Provided data:
⟨

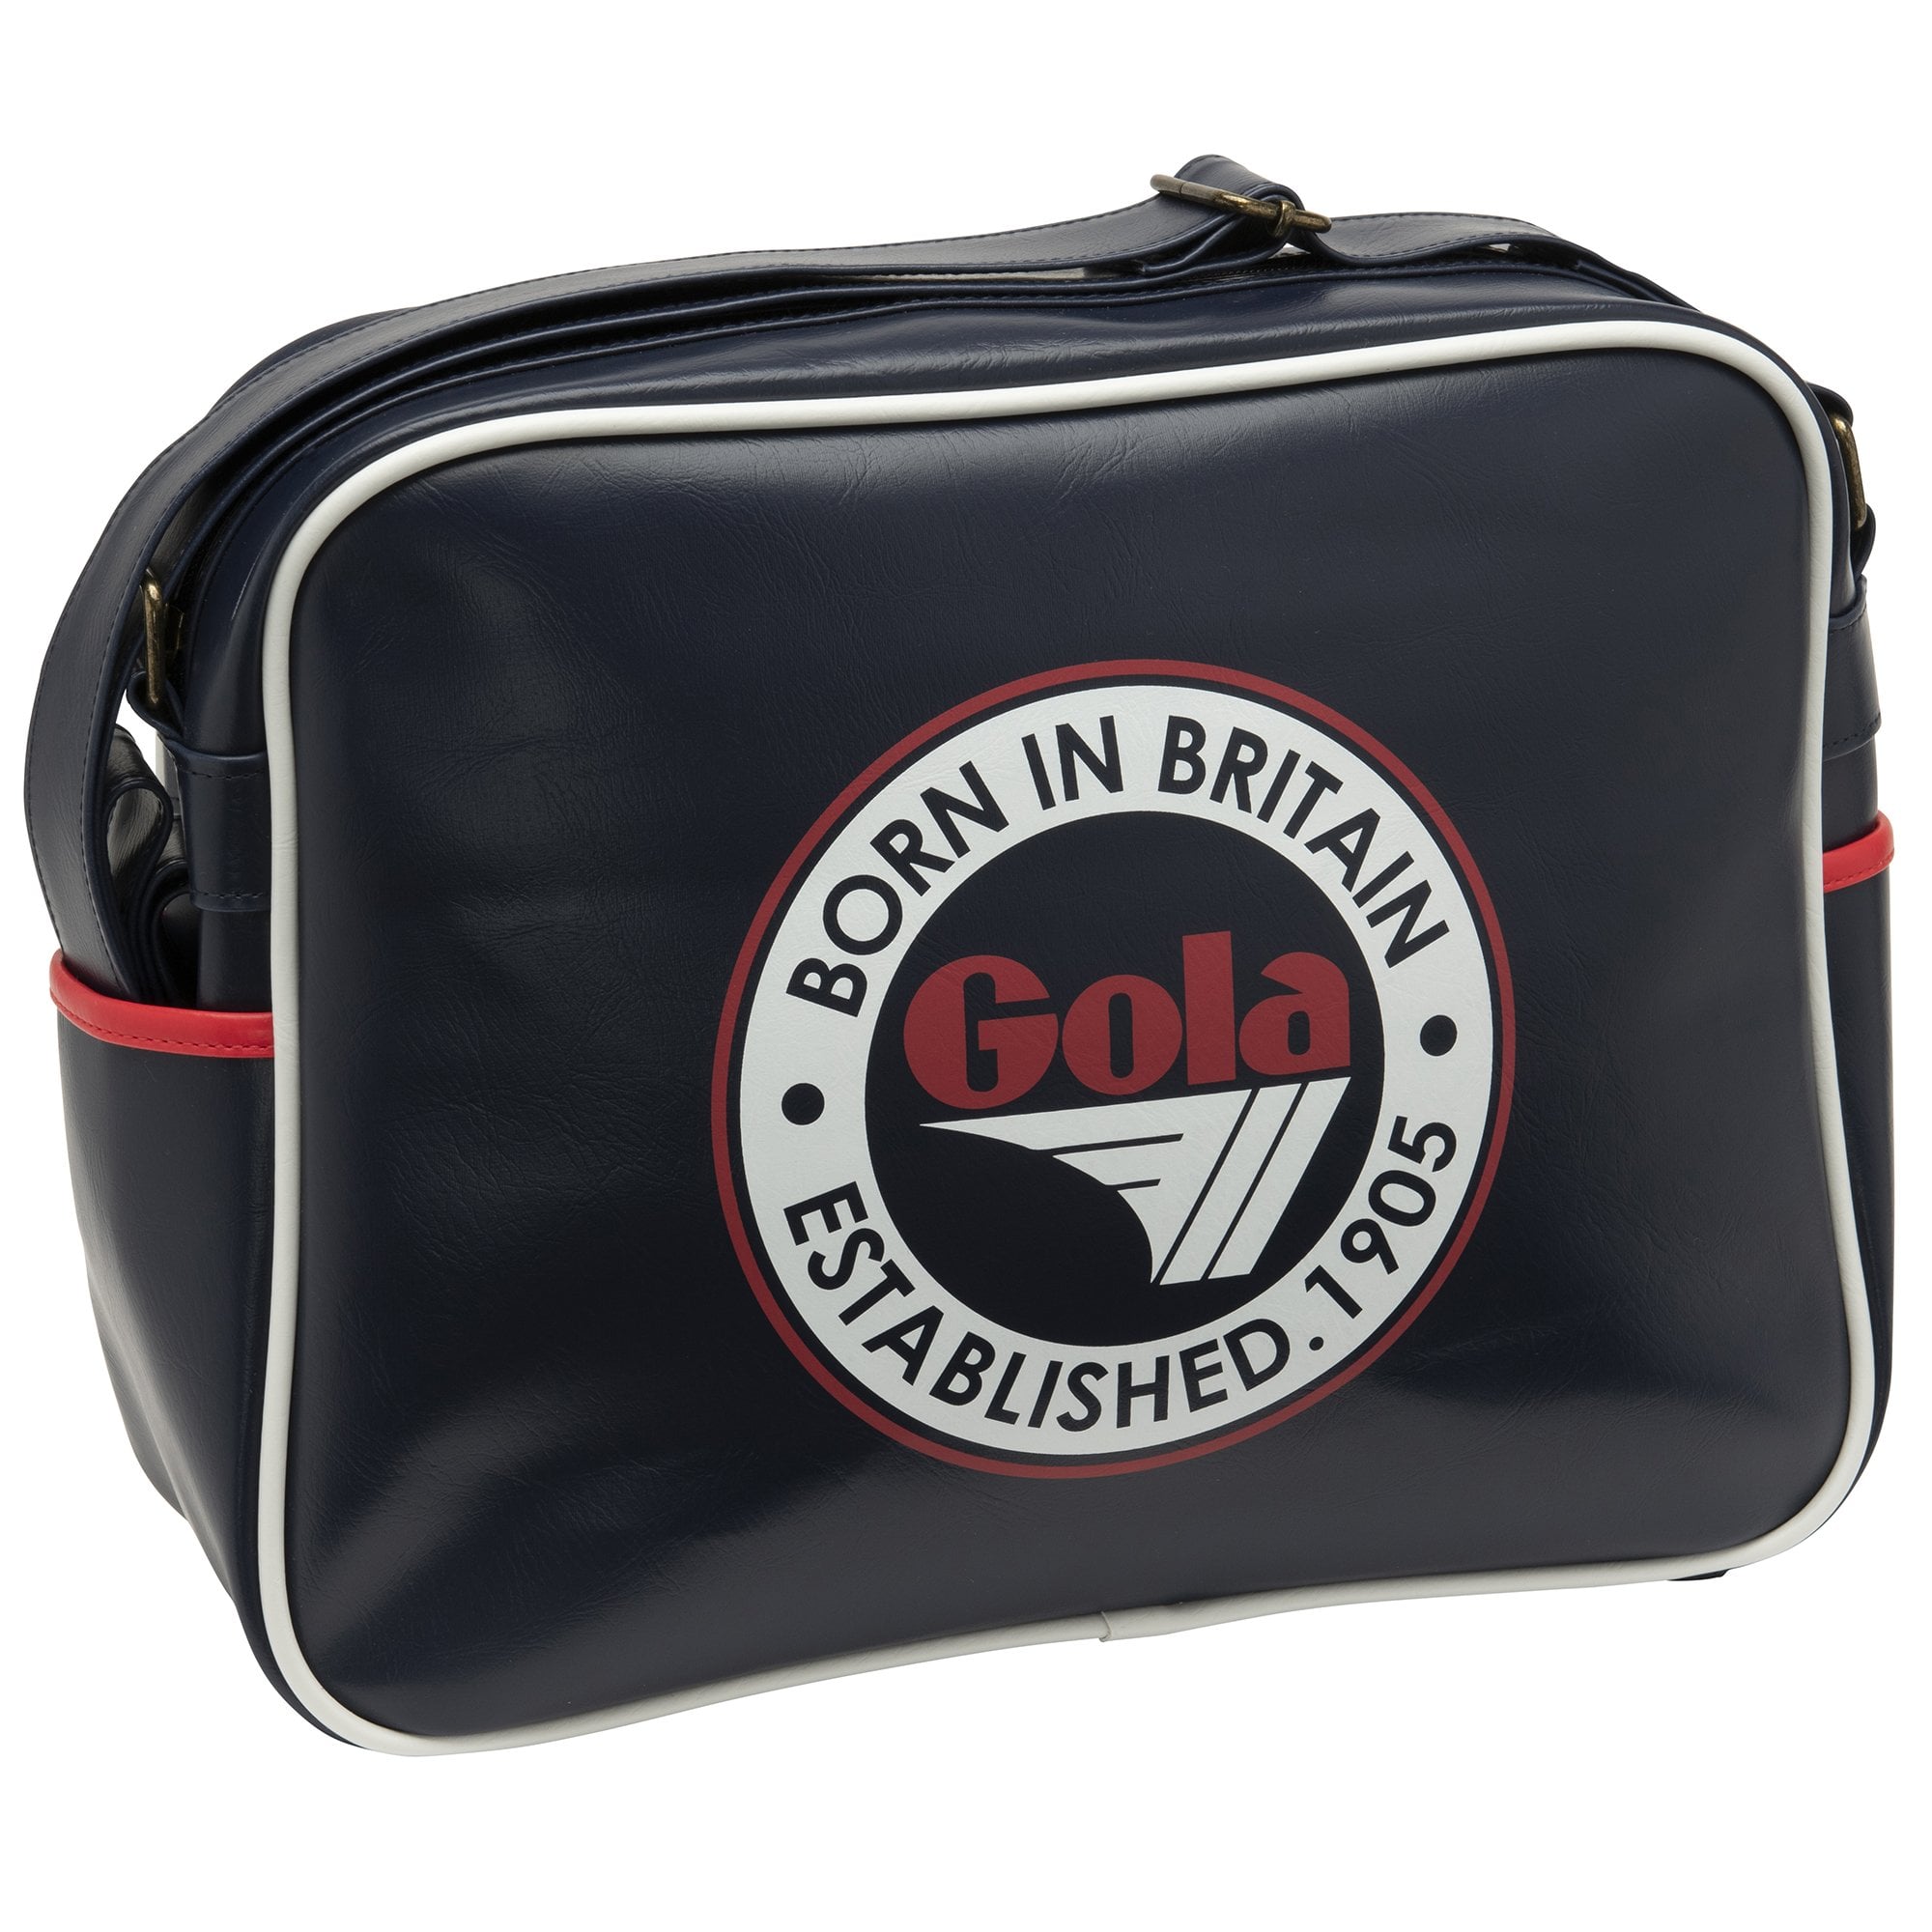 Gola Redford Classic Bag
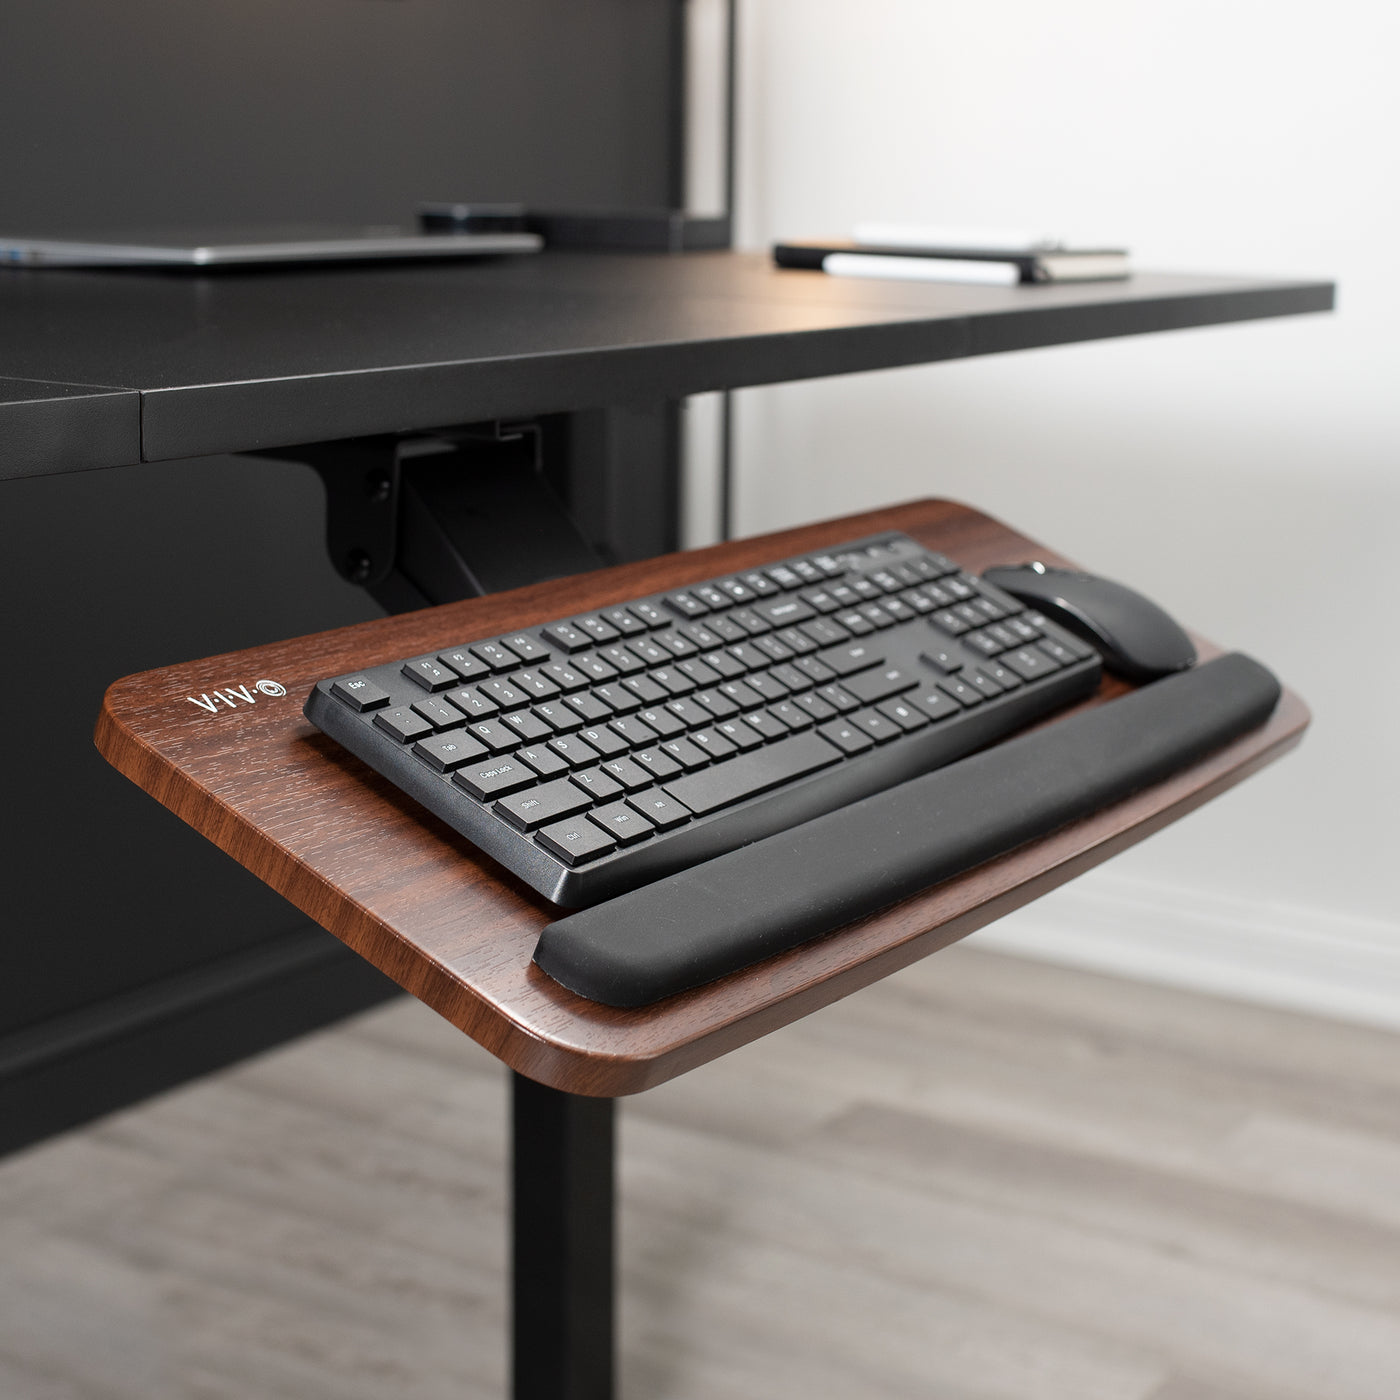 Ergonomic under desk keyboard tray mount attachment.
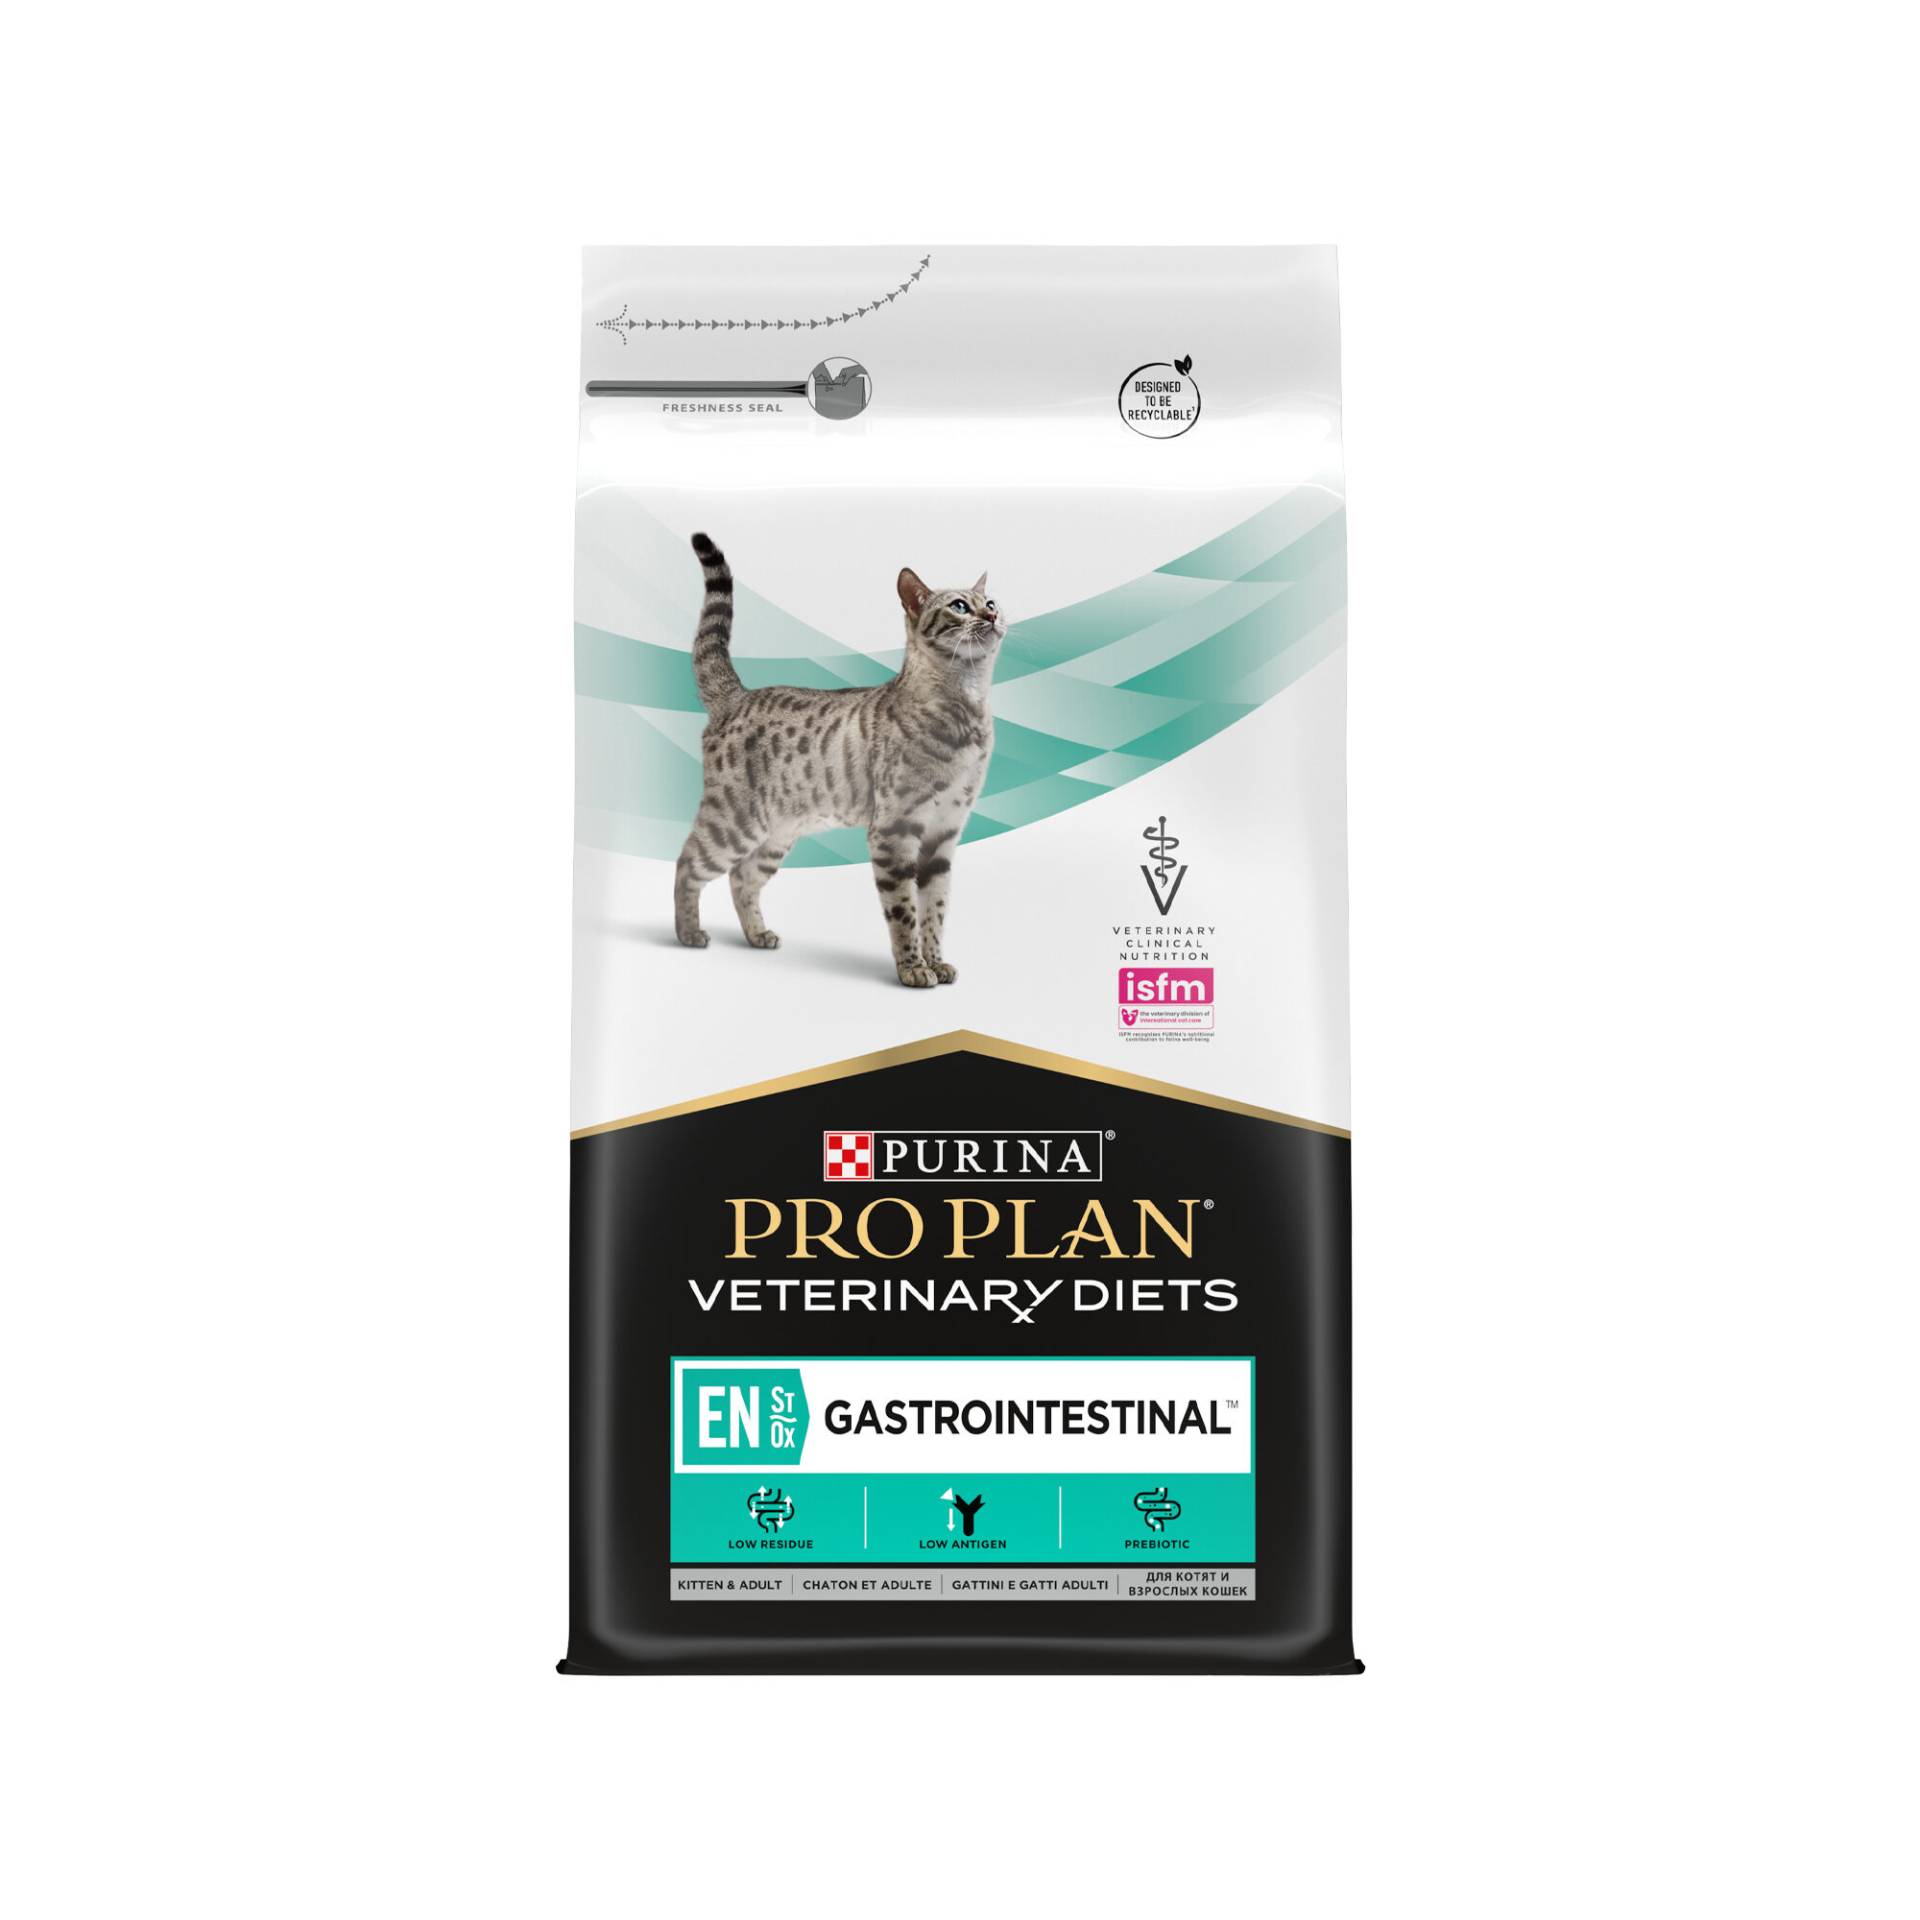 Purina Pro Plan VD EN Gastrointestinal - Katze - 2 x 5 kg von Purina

⟩

Your assignment:
Pictures are not part of the copy; reproduce exactly and only the lines from the line containing "Ergonomic under desk" through the end of the listing.

Response area:
 Ergonomic under desk keyboard tray mount attachment.
 Purina Pro Plan VD EN Gastrointestinal - Katze - 2 x 5 kg von Purina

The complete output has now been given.